THE TASK:
Reproduce every line of the material below, but drop the pictures.

DATA BELOW:
+ + + + + + +

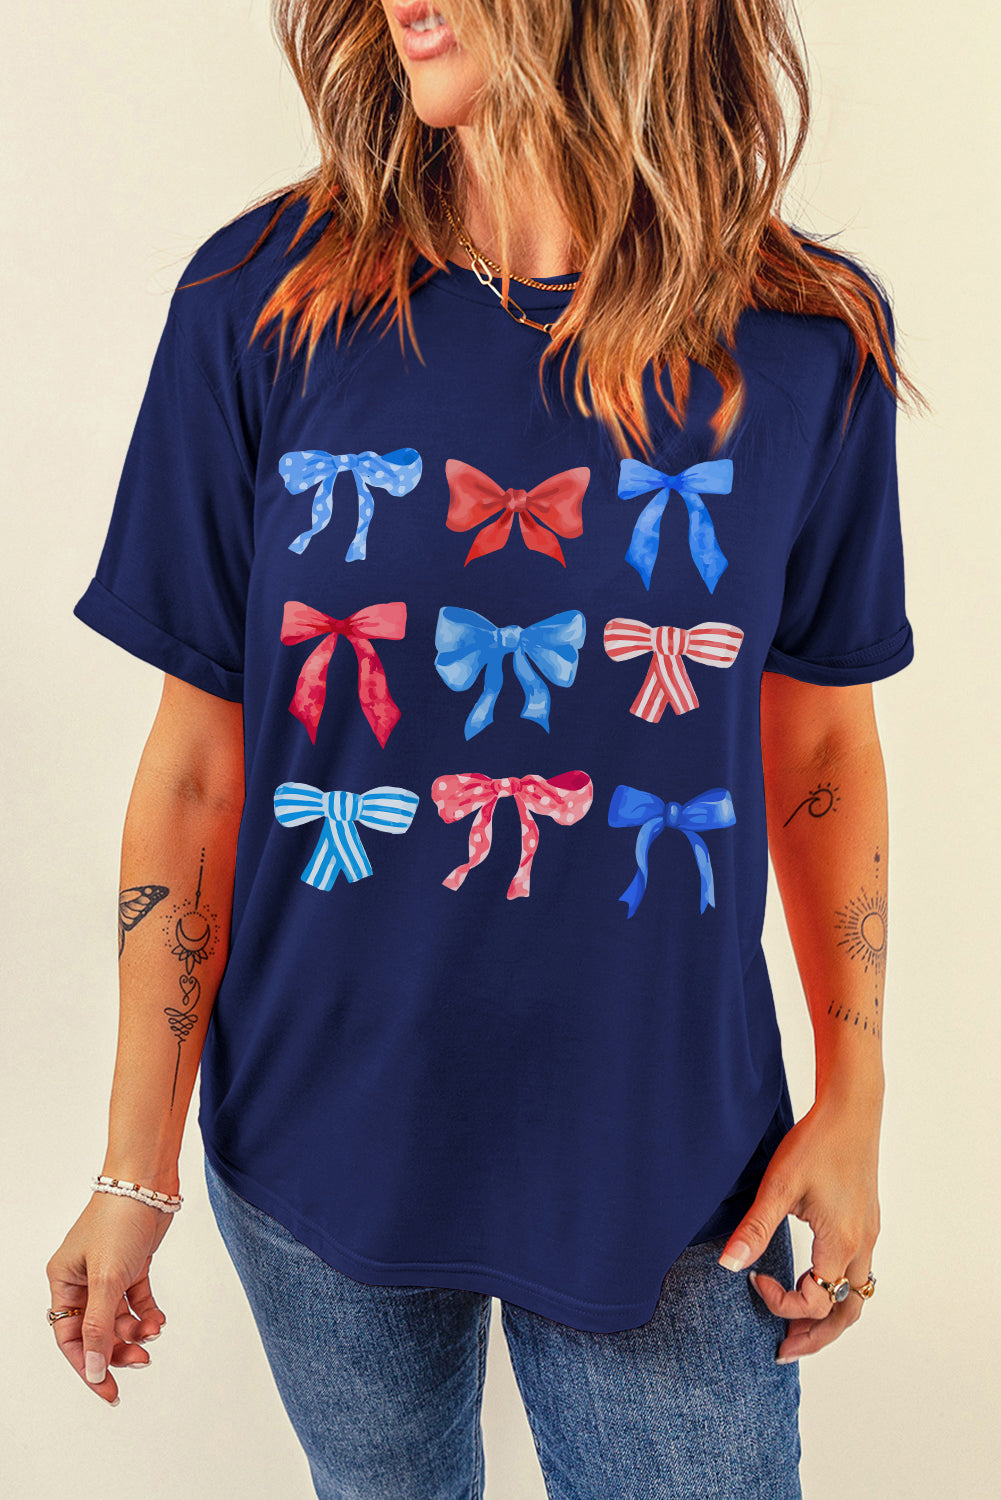 Patriotic Bow Graphic Women's Short Sleeve T-Shirt
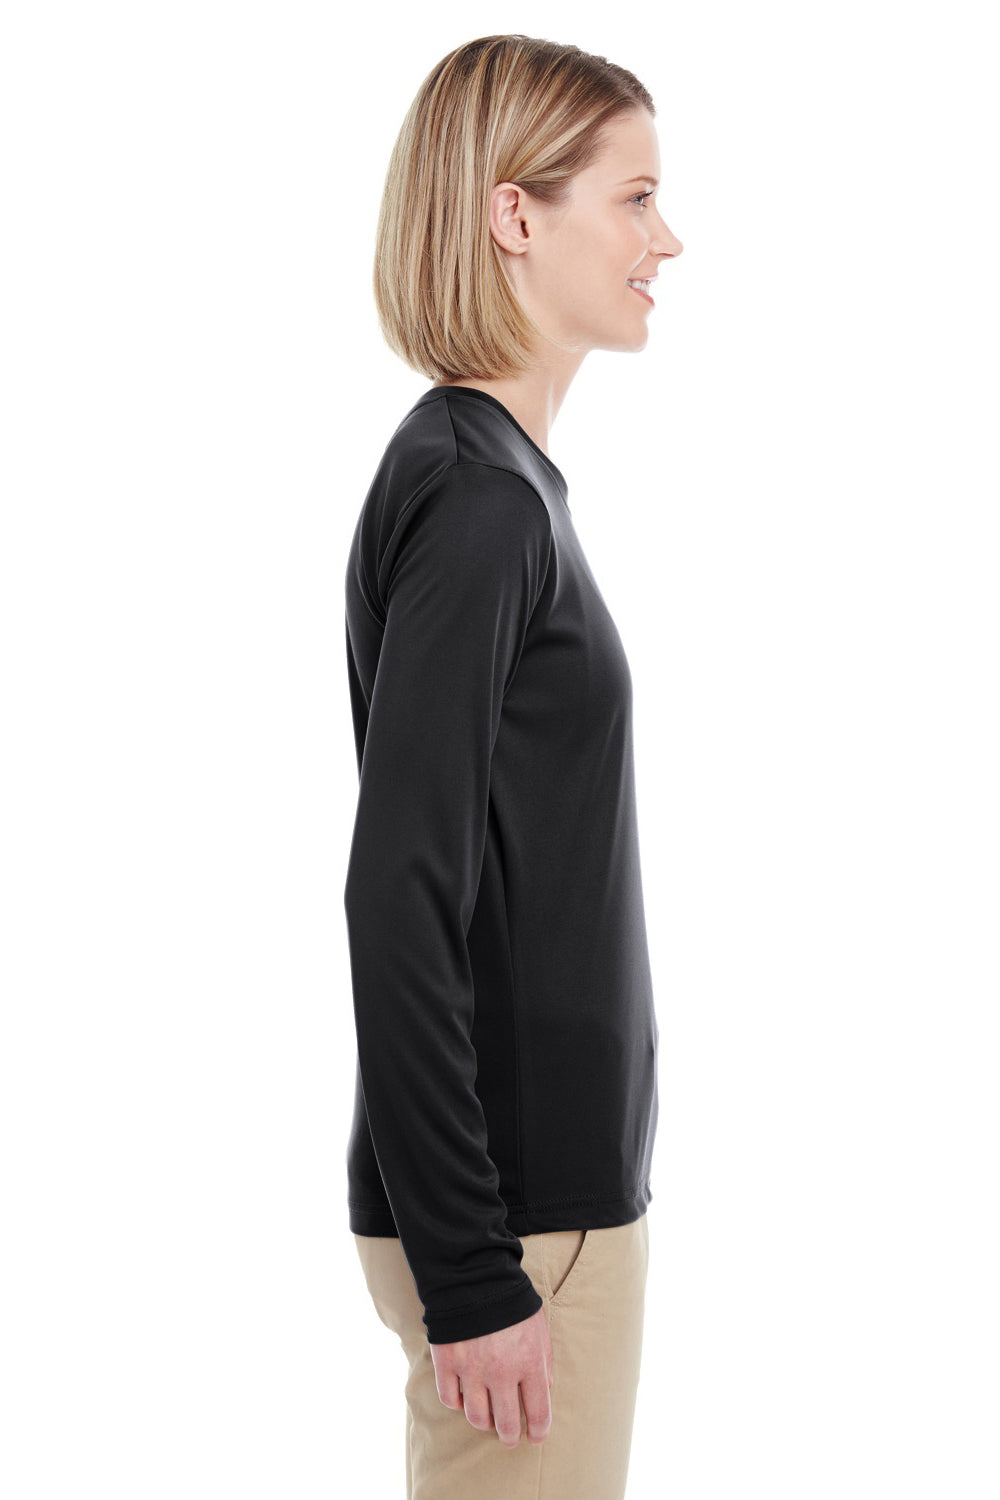 UltraClub 8622W Womens Cool & Dry Performance Moisture Wicking Long Sleeve Crewneck T-Shirt Black Side
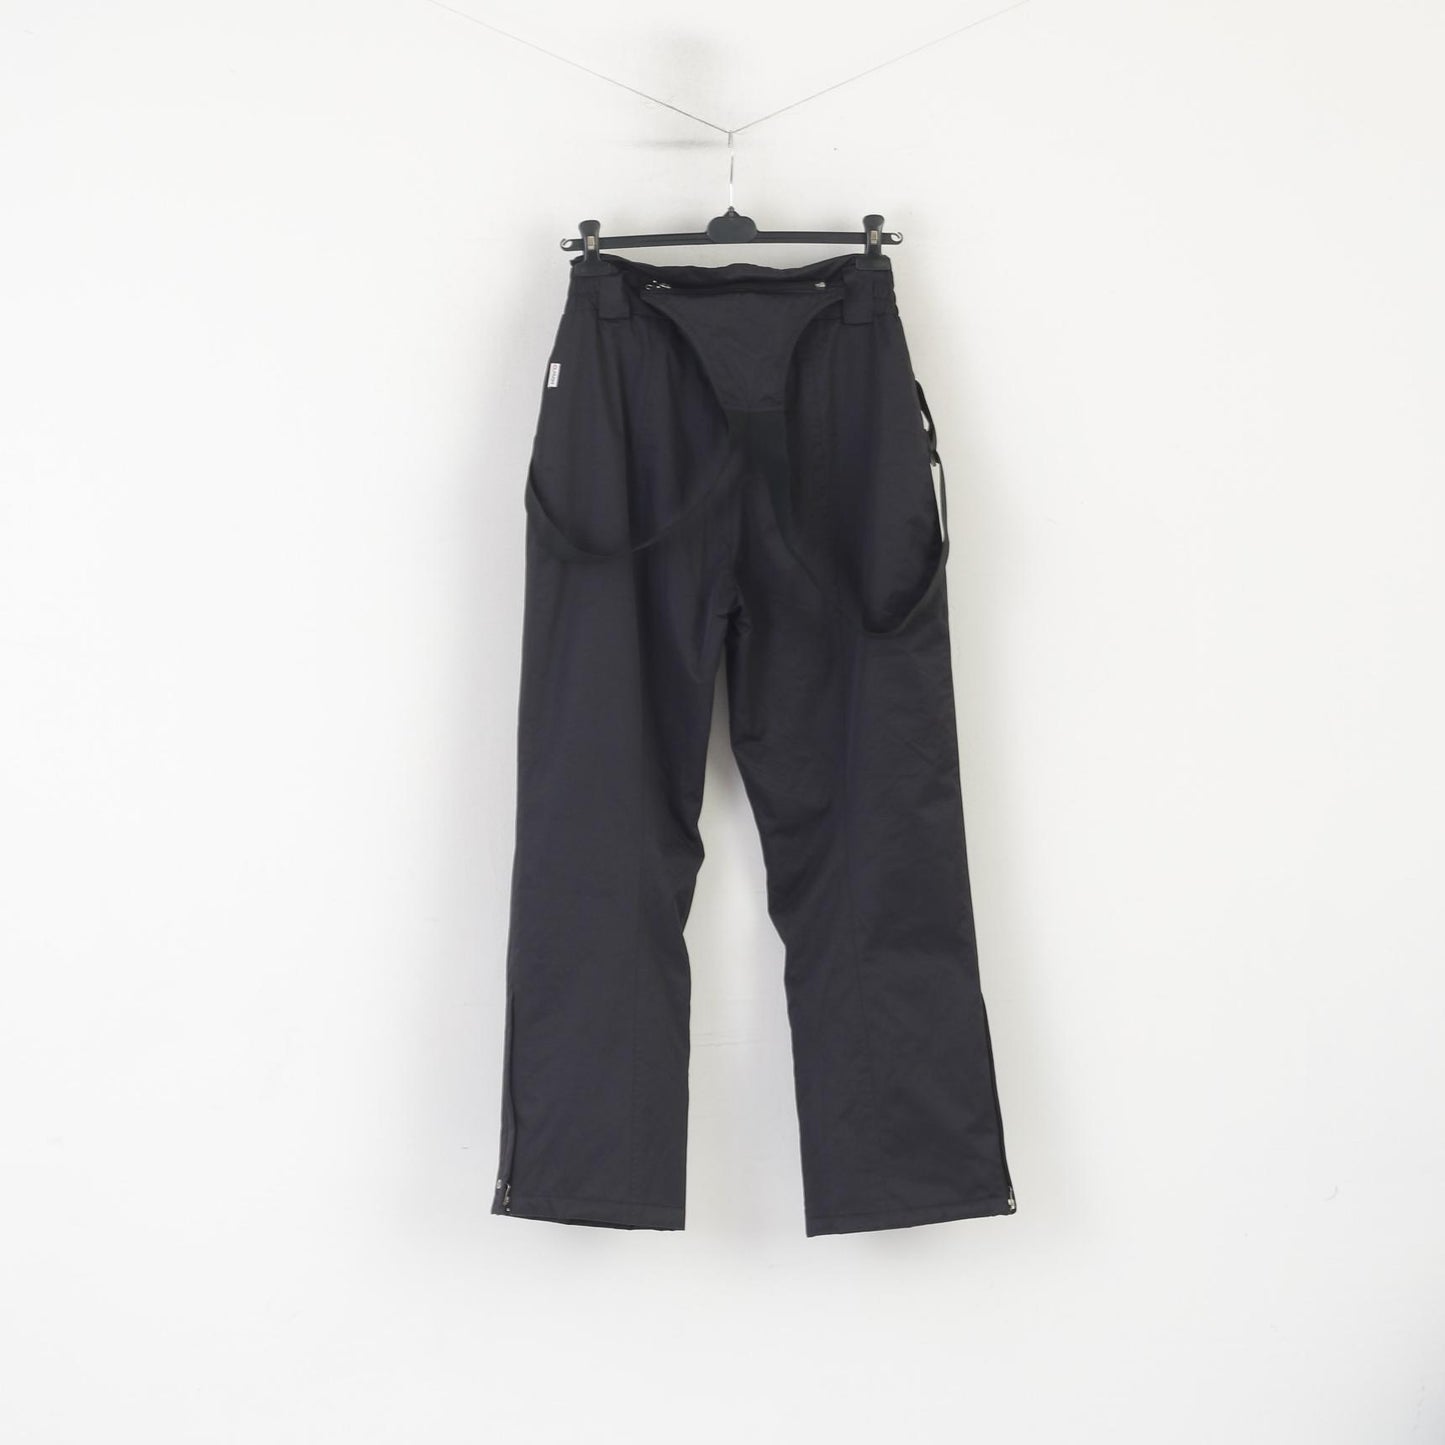 New Etirel Women 18 XL Ski Trousers Black  Dry Plus Nylon Salopette Snow Pants

+ + + + + + +

ANSWER SPACE:
 Patriotic Bow Graphic Women's Short Sleeve T-Shirt
 UltraClub 8622W Womens Cool & Dry Performance Moisture Wicking Long Sleeve Crewneck T-Shirt Black Side
 New Etirel Women 18 XL Ski Trousers Black  Dry Plus Nylon Salopette Snow Pants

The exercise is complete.